Further down are entries; set down exactly and only the lines from the one with "STELLA MCCARTNEY - TINY" up to and including the one with "Best Custom Dragonfly", dropping each picture.

• _Excerpted data_
= = = = =

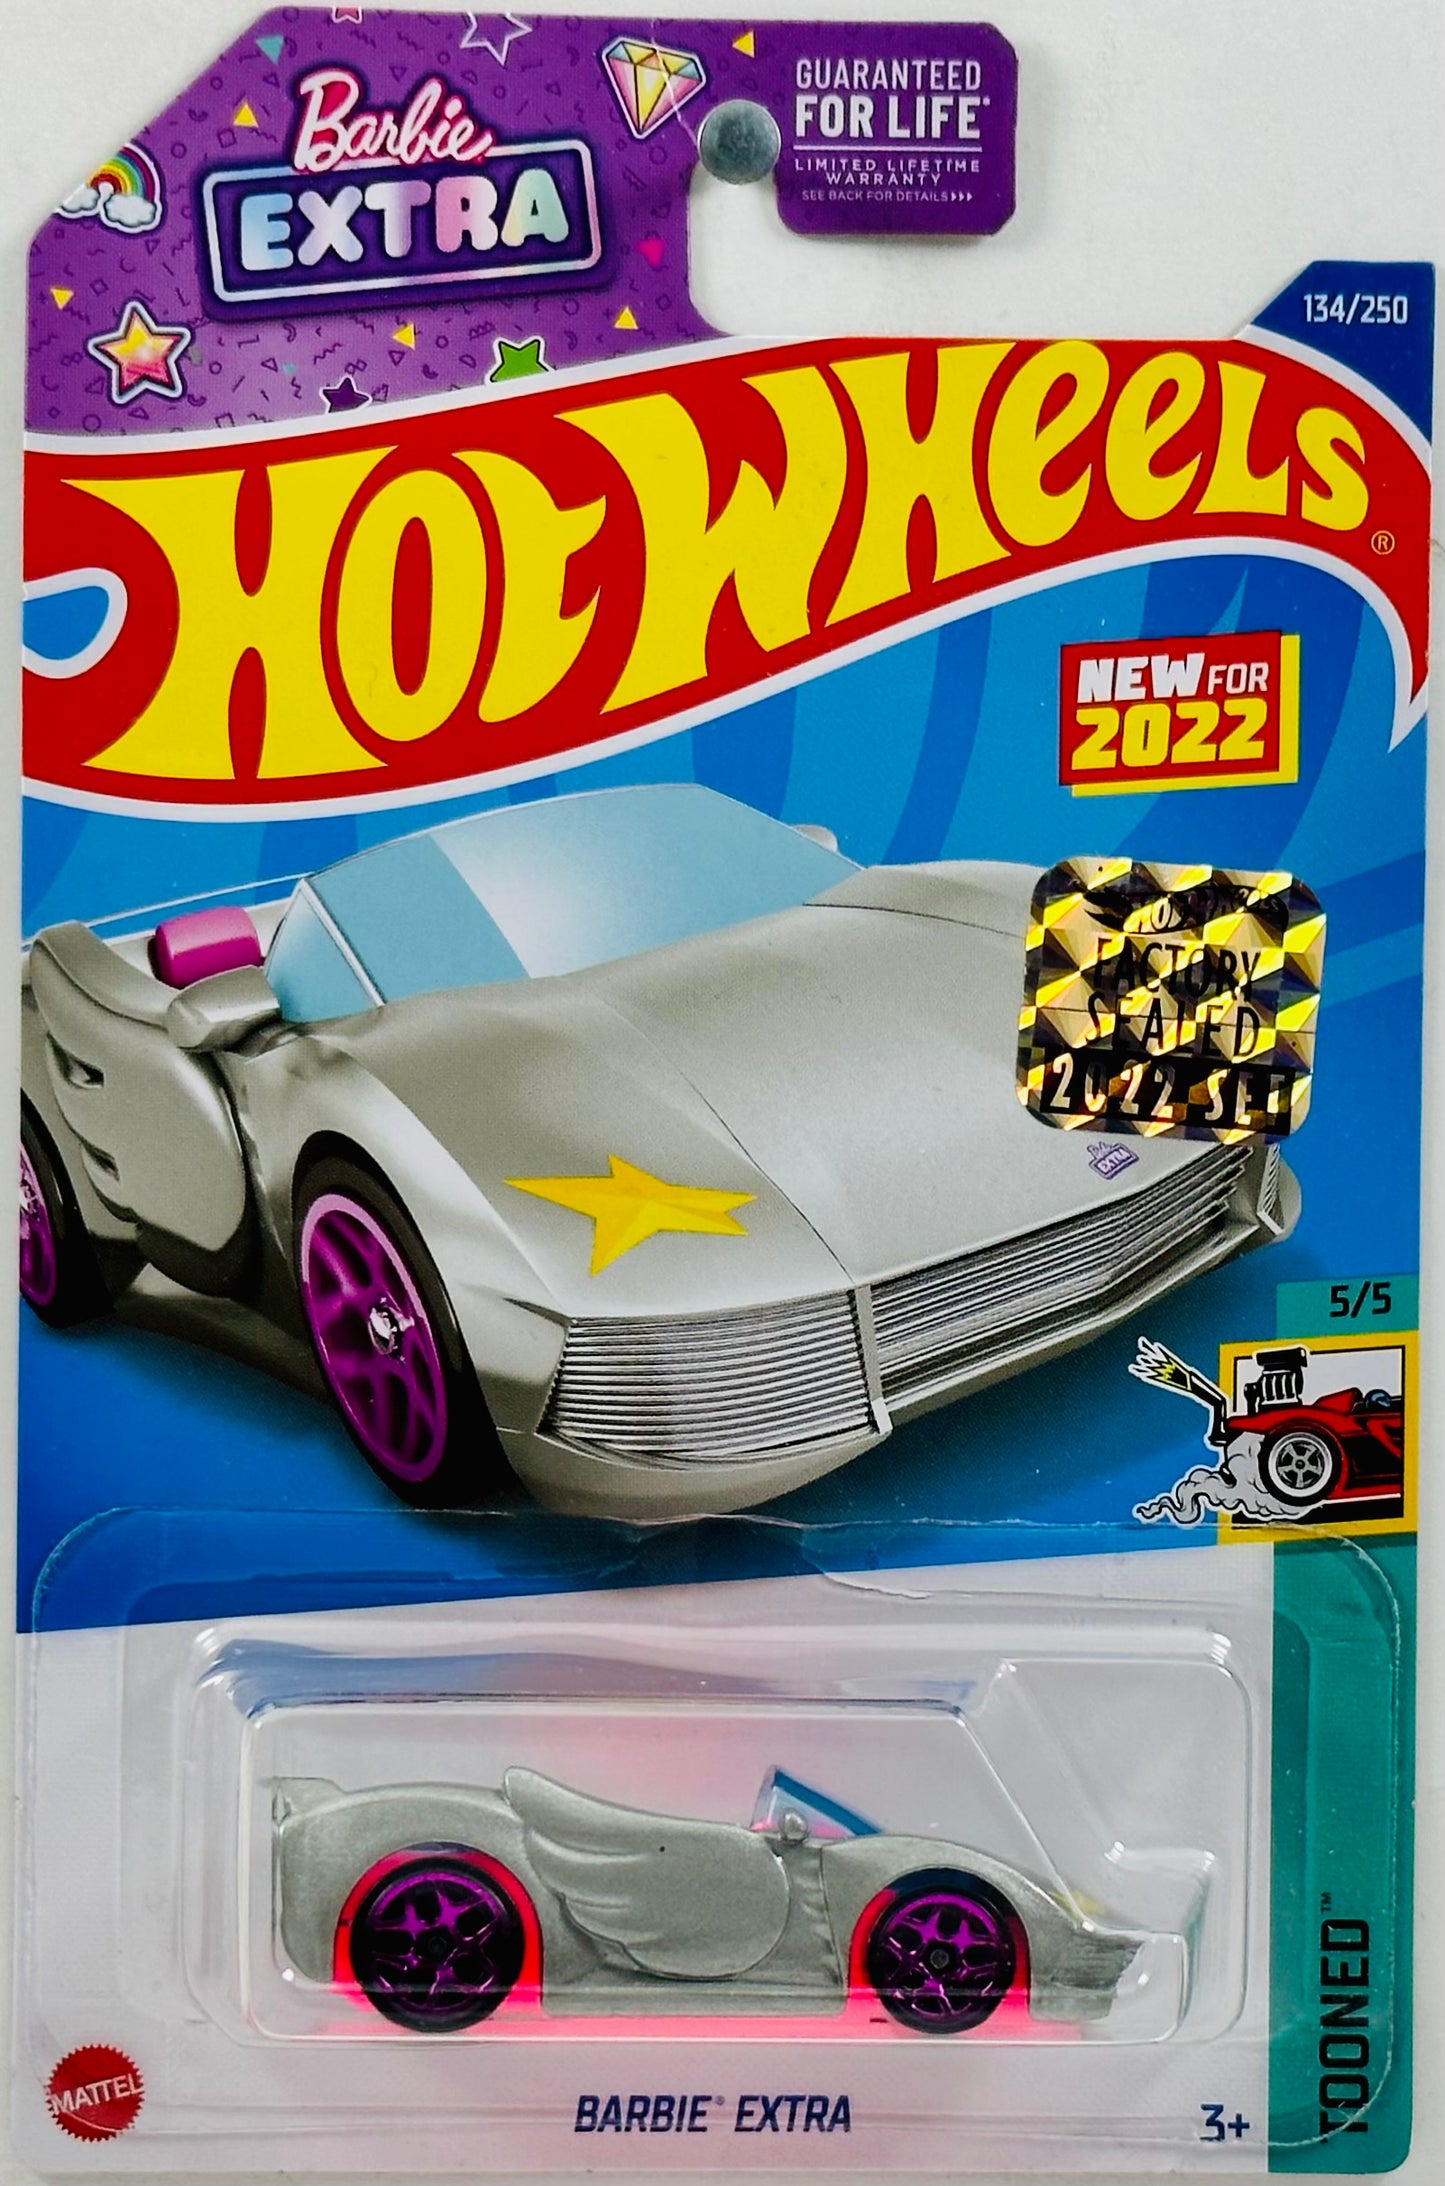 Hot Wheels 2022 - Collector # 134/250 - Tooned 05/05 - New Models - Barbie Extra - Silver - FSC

= = = = =

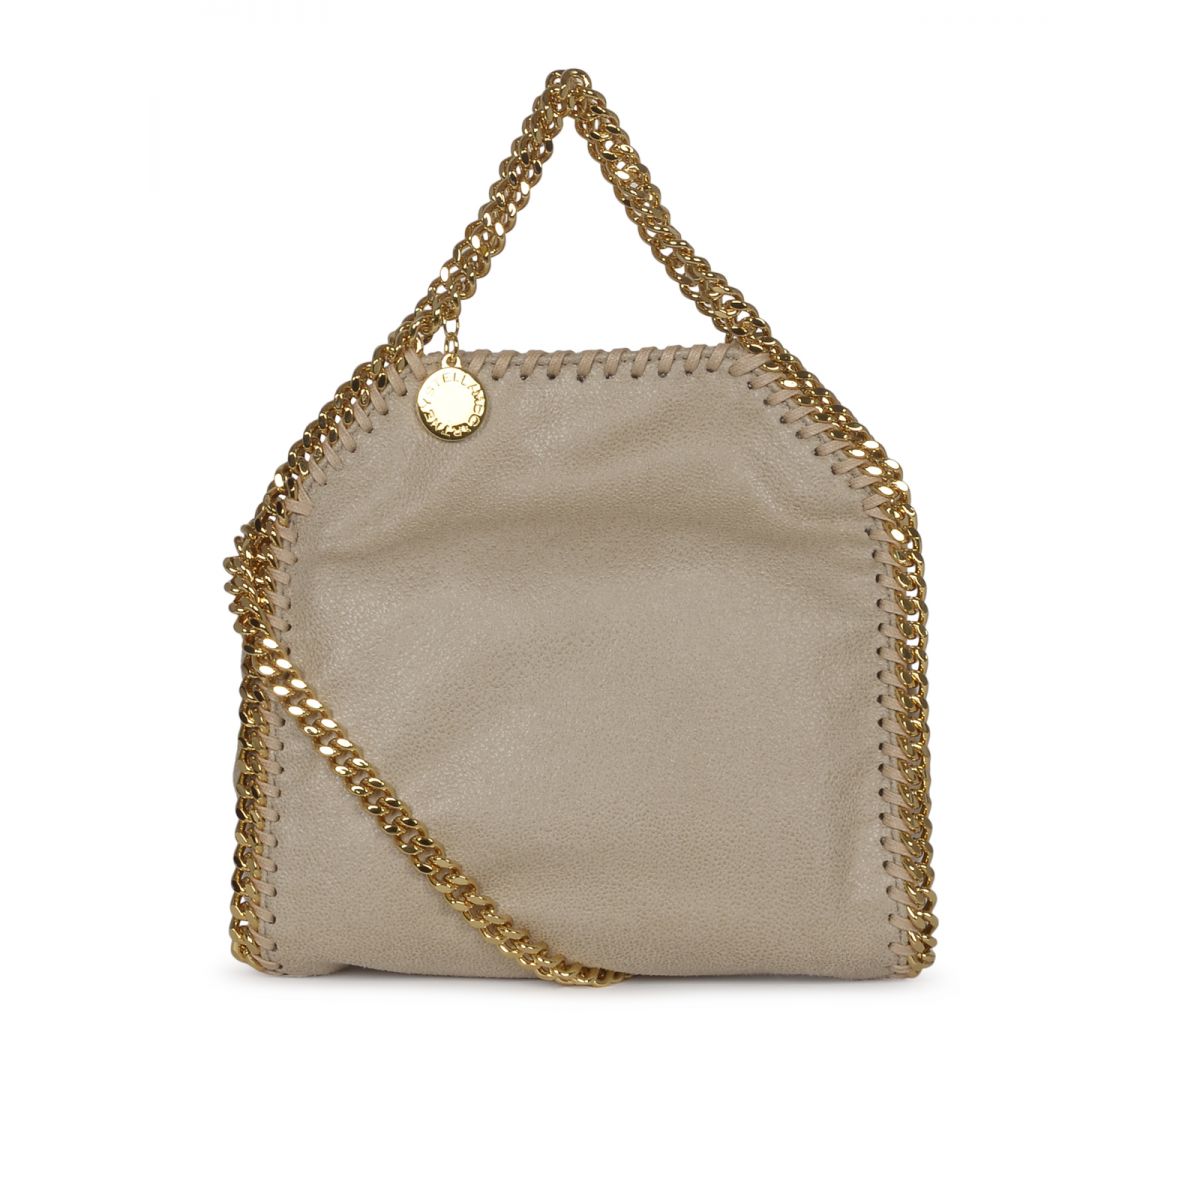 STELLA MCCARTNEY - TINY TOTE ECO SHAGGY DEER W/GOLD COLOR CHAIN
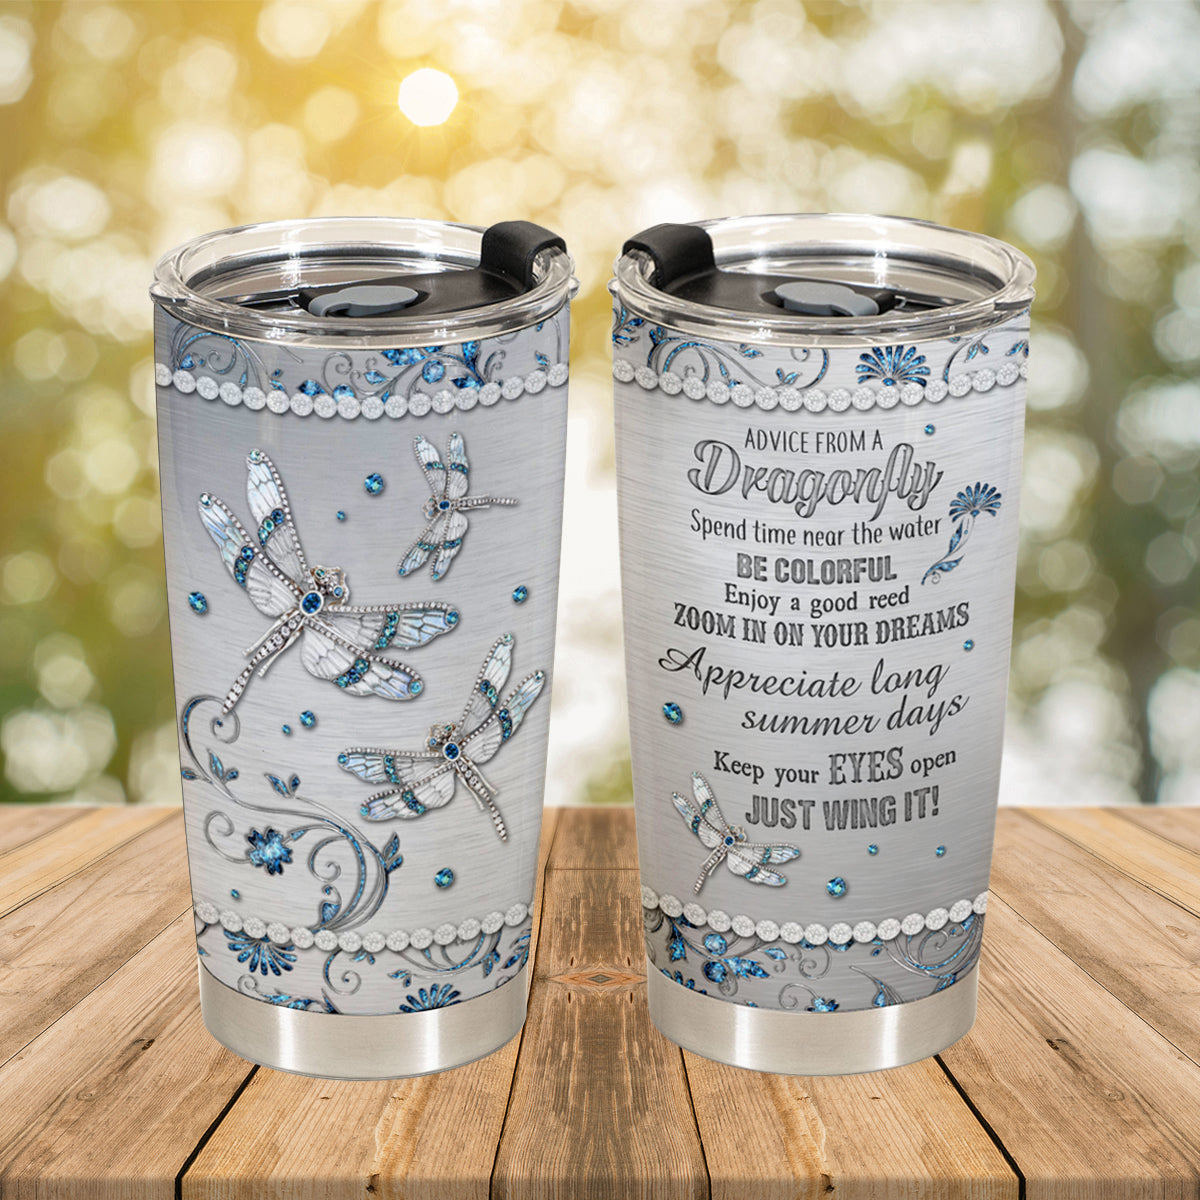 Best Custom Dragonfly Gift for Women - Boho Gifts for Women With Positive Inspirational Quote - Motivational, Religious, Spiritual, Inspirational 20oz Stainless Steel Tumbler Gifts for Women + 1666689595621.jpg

= = = = =

• _Expected answer_
 STELLA MCCARTNEY - TINY TOTE ECO SHAGGY DEER W/GOLD COLOR CHAIN
 Best Custom Dragonfly Gift for Women - Boho Gifts for Women With Positive Inspirational Quote - Motivational, Religious, Spiritual, Inspirational 20oz Stainless Steel Tumbler Gifts for Women + 1666689595621.jpg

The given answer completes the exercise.